WORK TO BE COMPLETED »
For the material below, reproduce exactly each line from the one that has "Χωριό Κριεζά. Φωτογραφία: ©Βασίλης" through the one that has "Vêtements Homme Navy", and no others; pictures stay out.
--- THE INPUT Enclosed Below ---
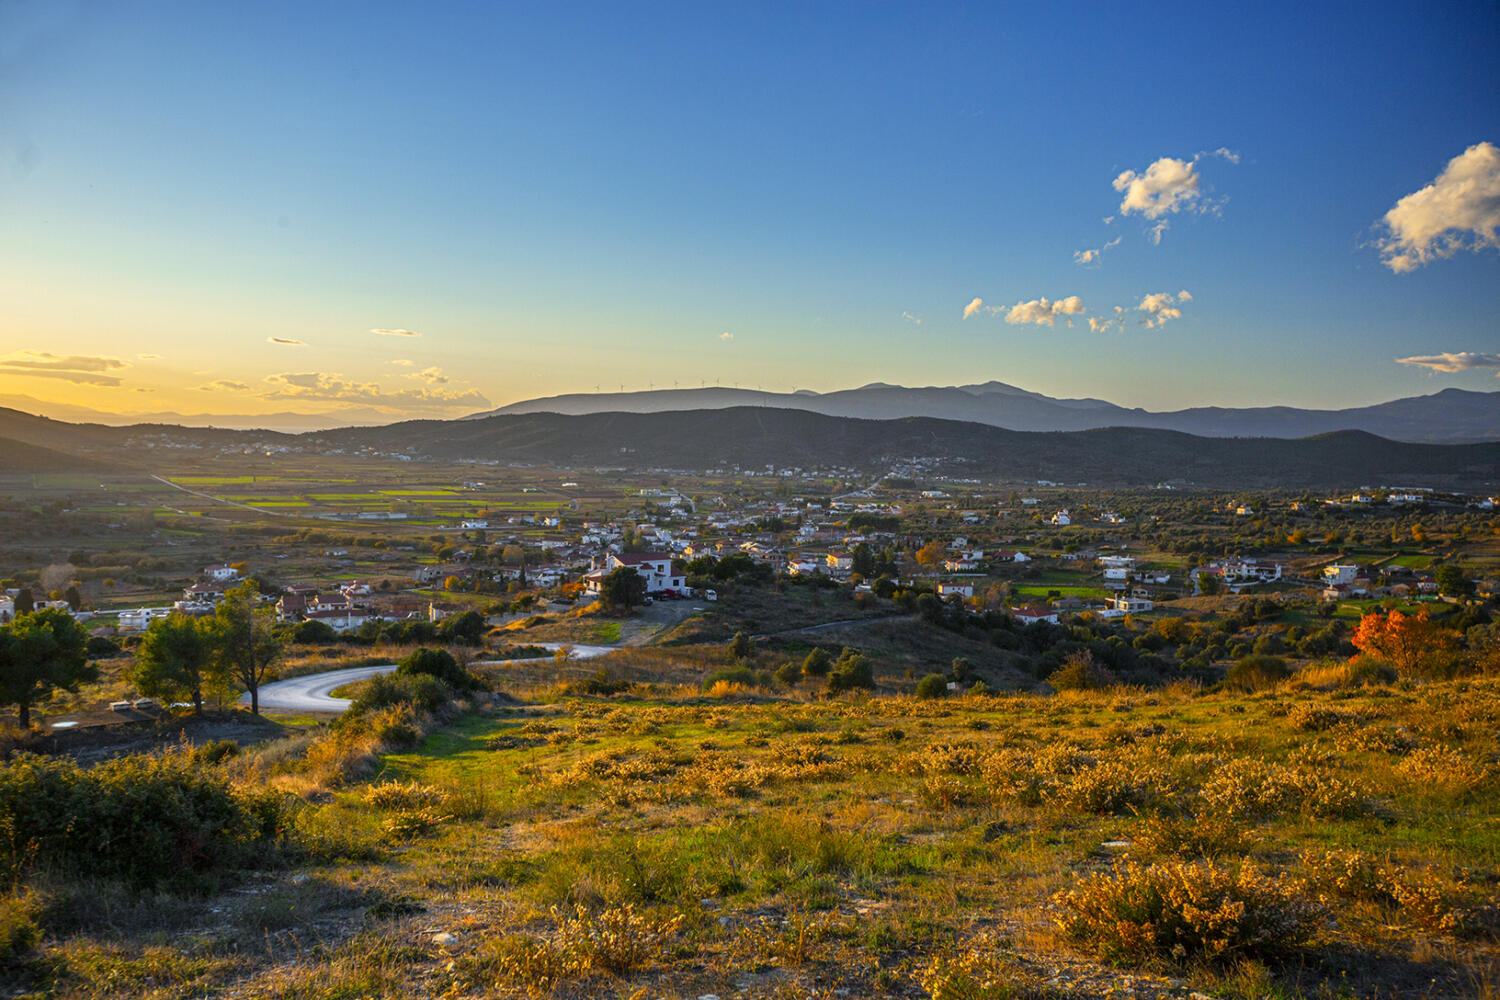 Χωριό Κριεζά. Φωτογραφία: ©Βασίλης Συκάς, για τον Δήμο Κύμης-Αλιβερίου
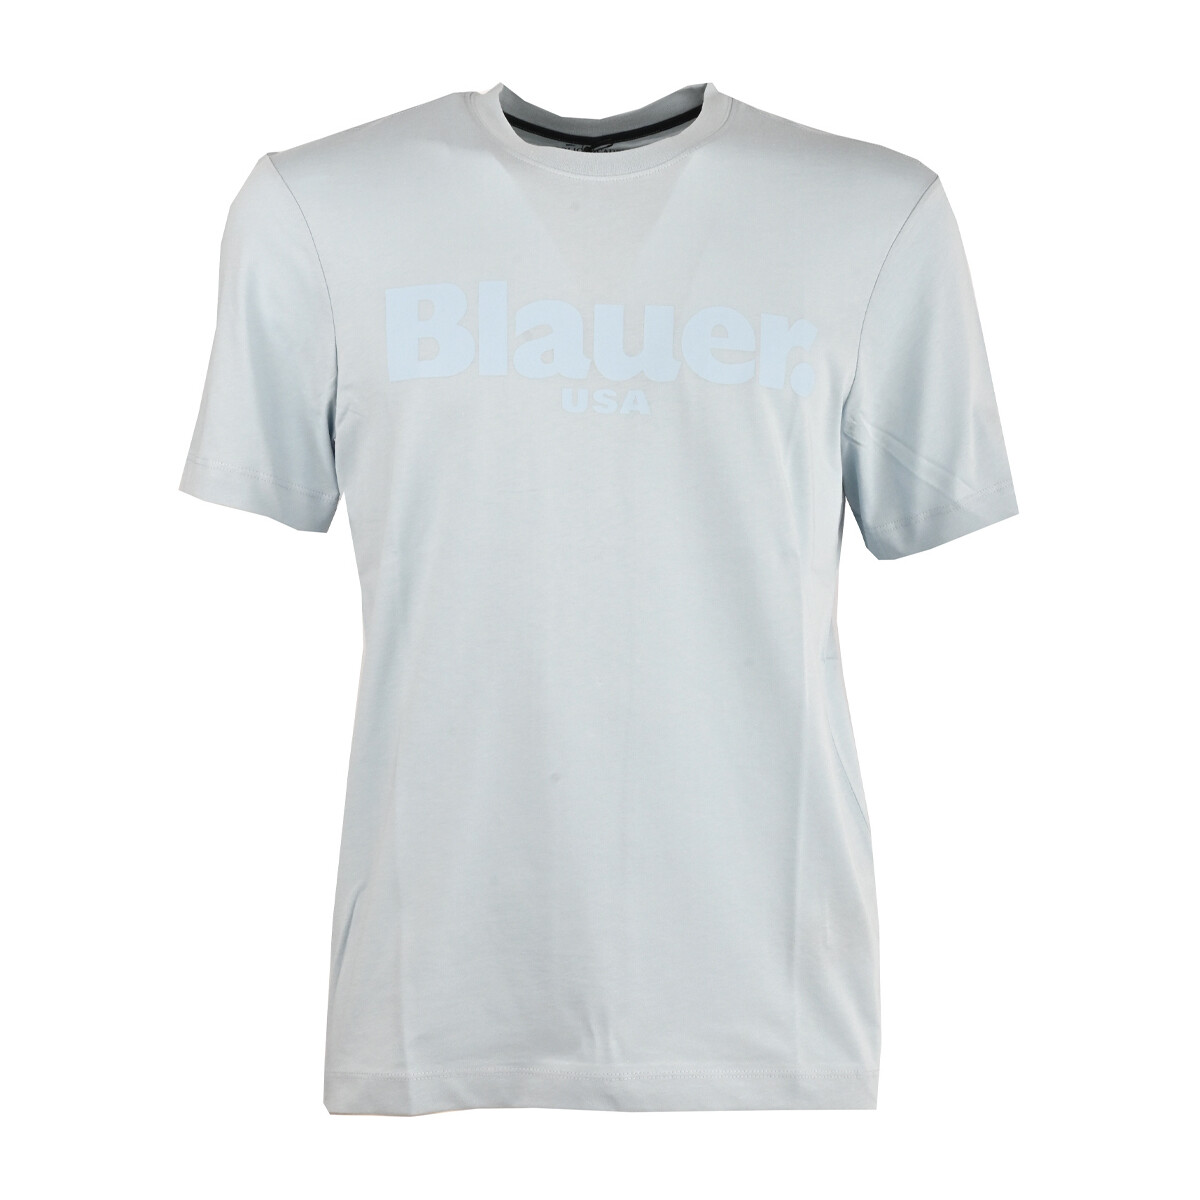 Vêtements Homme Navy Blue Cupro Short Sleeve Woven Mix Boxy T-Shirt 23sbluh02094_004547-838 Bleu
--- End of Enclosed THE INPUT ---
--- THE INPUT Enclosed Below ---
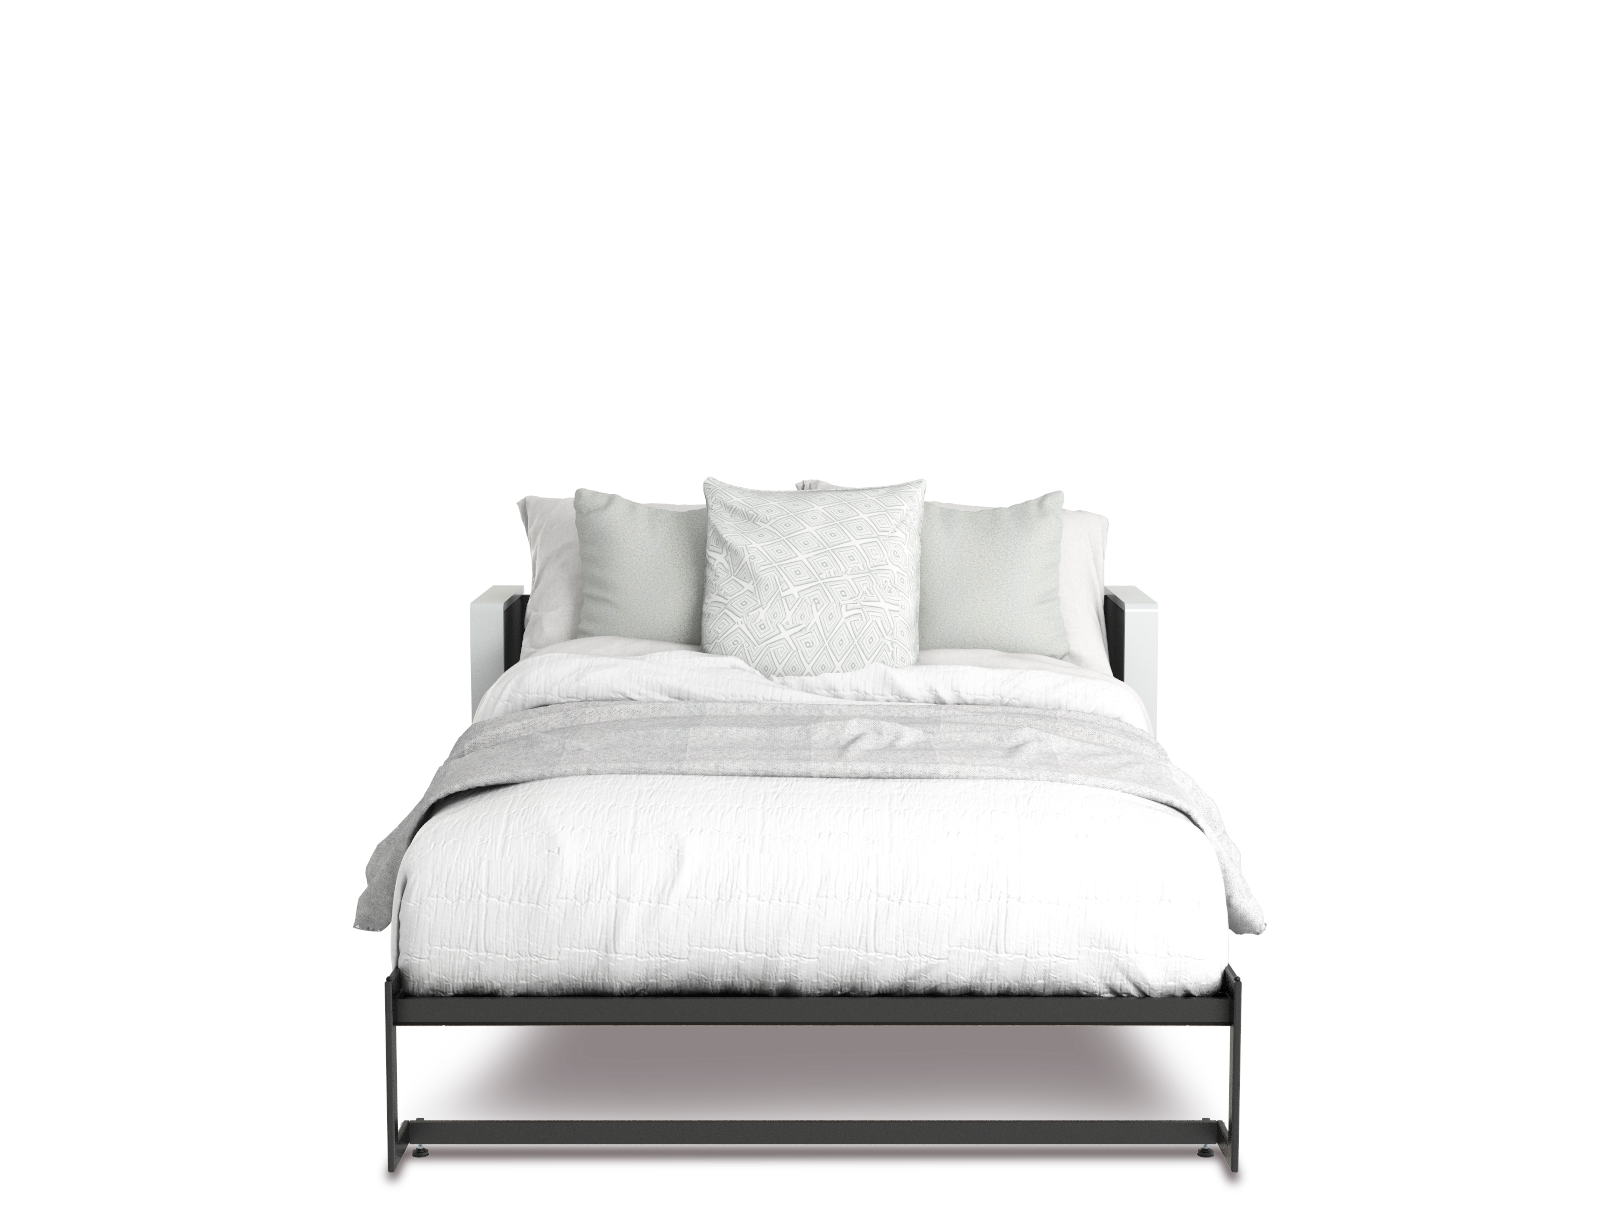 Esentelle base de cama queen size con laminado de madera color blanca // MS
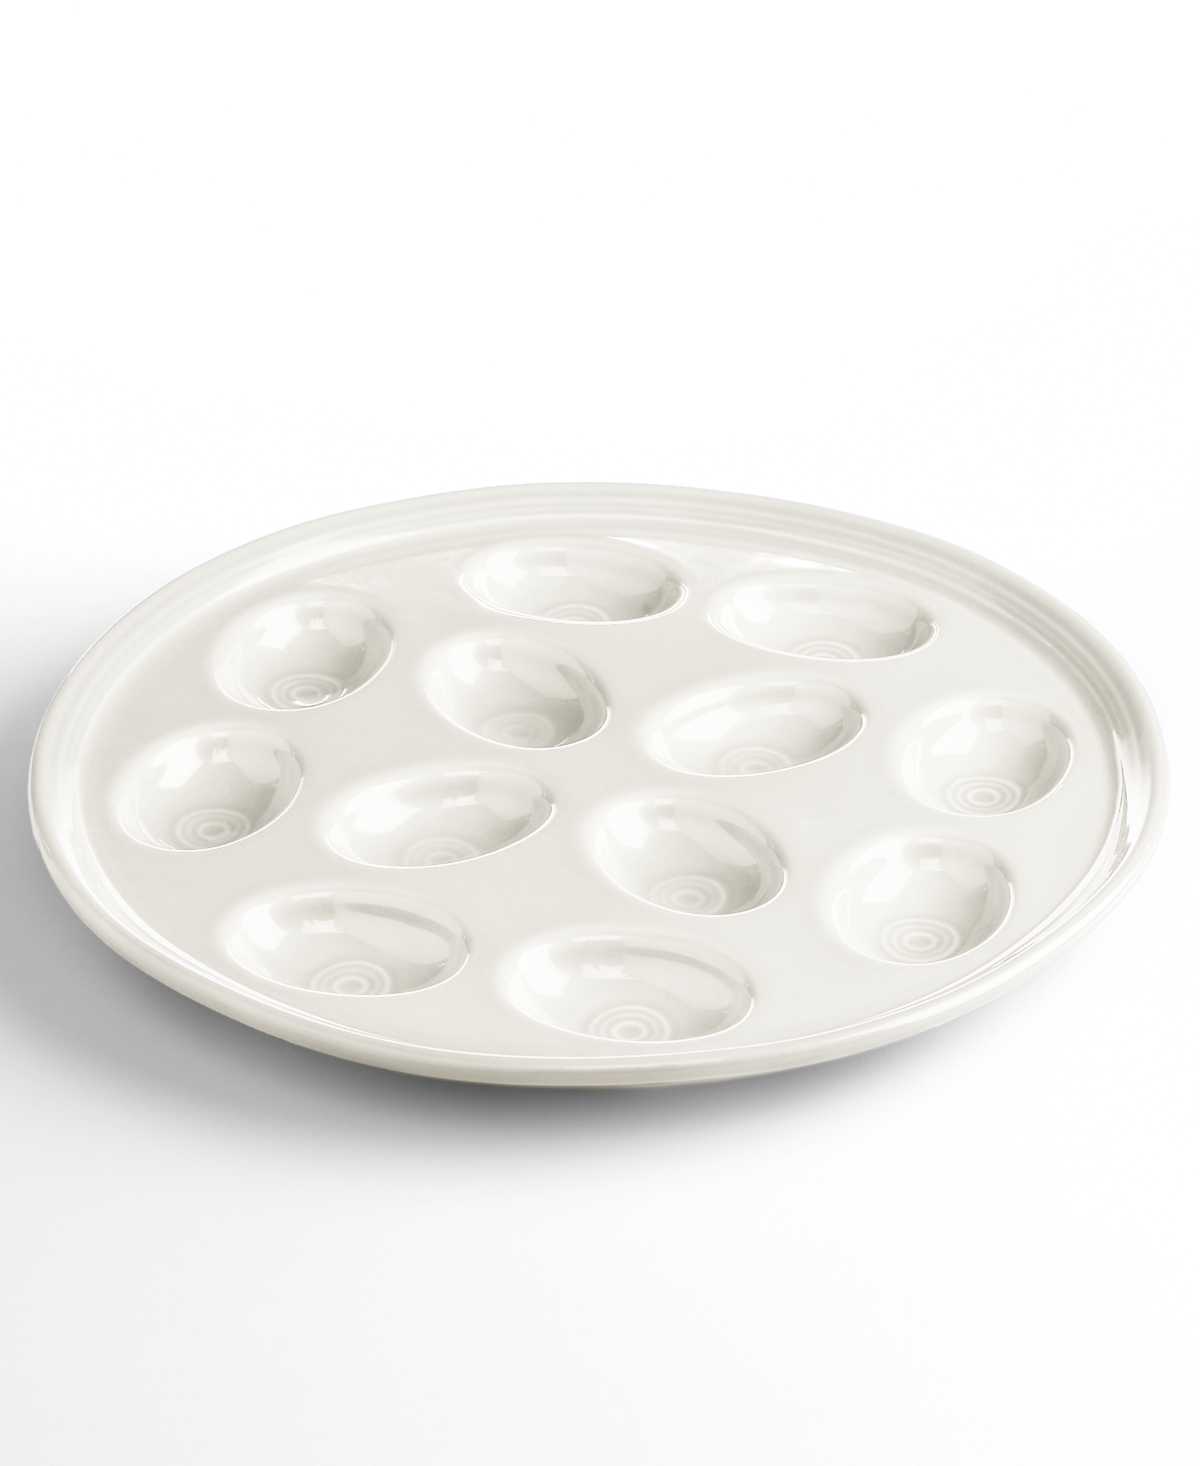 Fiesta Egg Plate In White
--- End of Enclosed THE INPUT ---
--- THE INPUT Enclosed Below ---
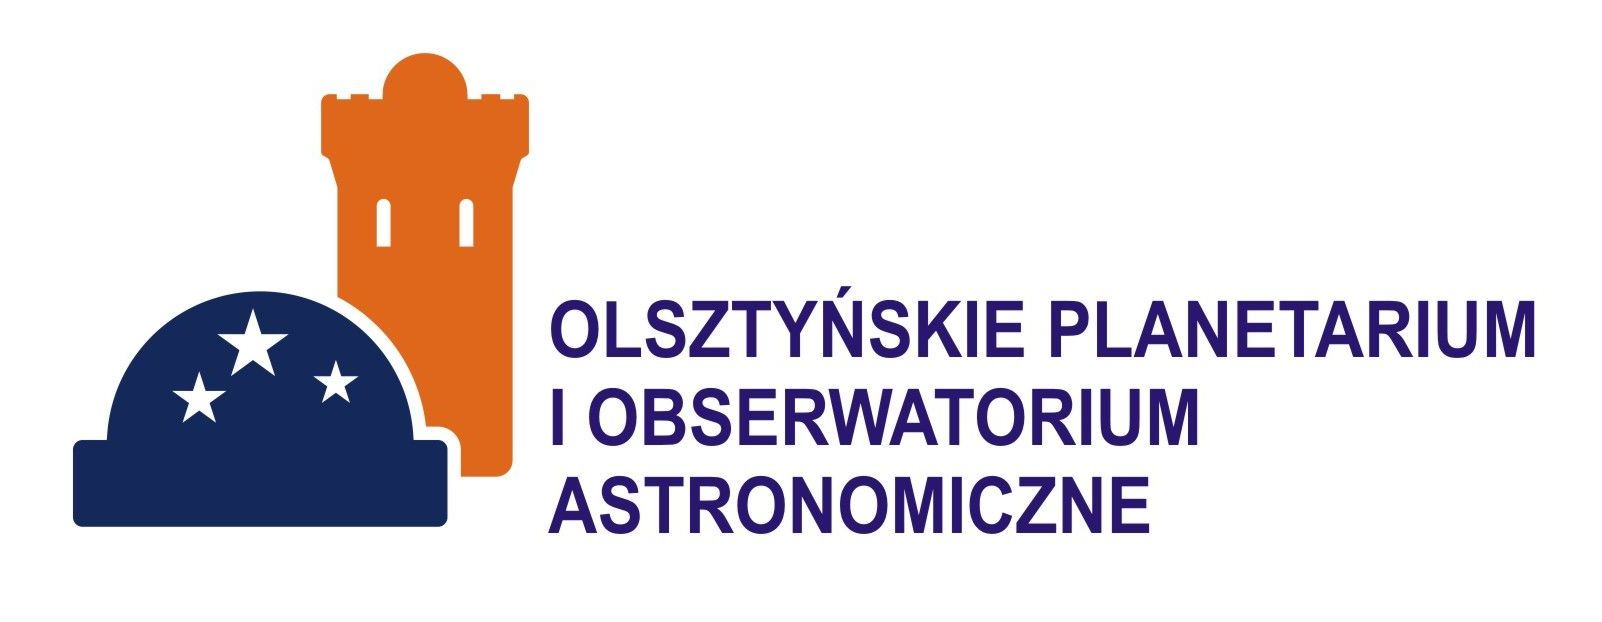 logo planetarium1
--- End of Enclosed THE INPUT ---
EXERCISE RESULT »
 Χωριό Κριεζά. Φωτογραφία: ©Βασίλης Συκάς, για τον Δήμο Κύμης-Αλιβερίου
 Vêtements Homme Navy Blue Cupro Short Sleeve Woven Mix Boxy T-Shirt 23sbluh02094_004547-838 Bleu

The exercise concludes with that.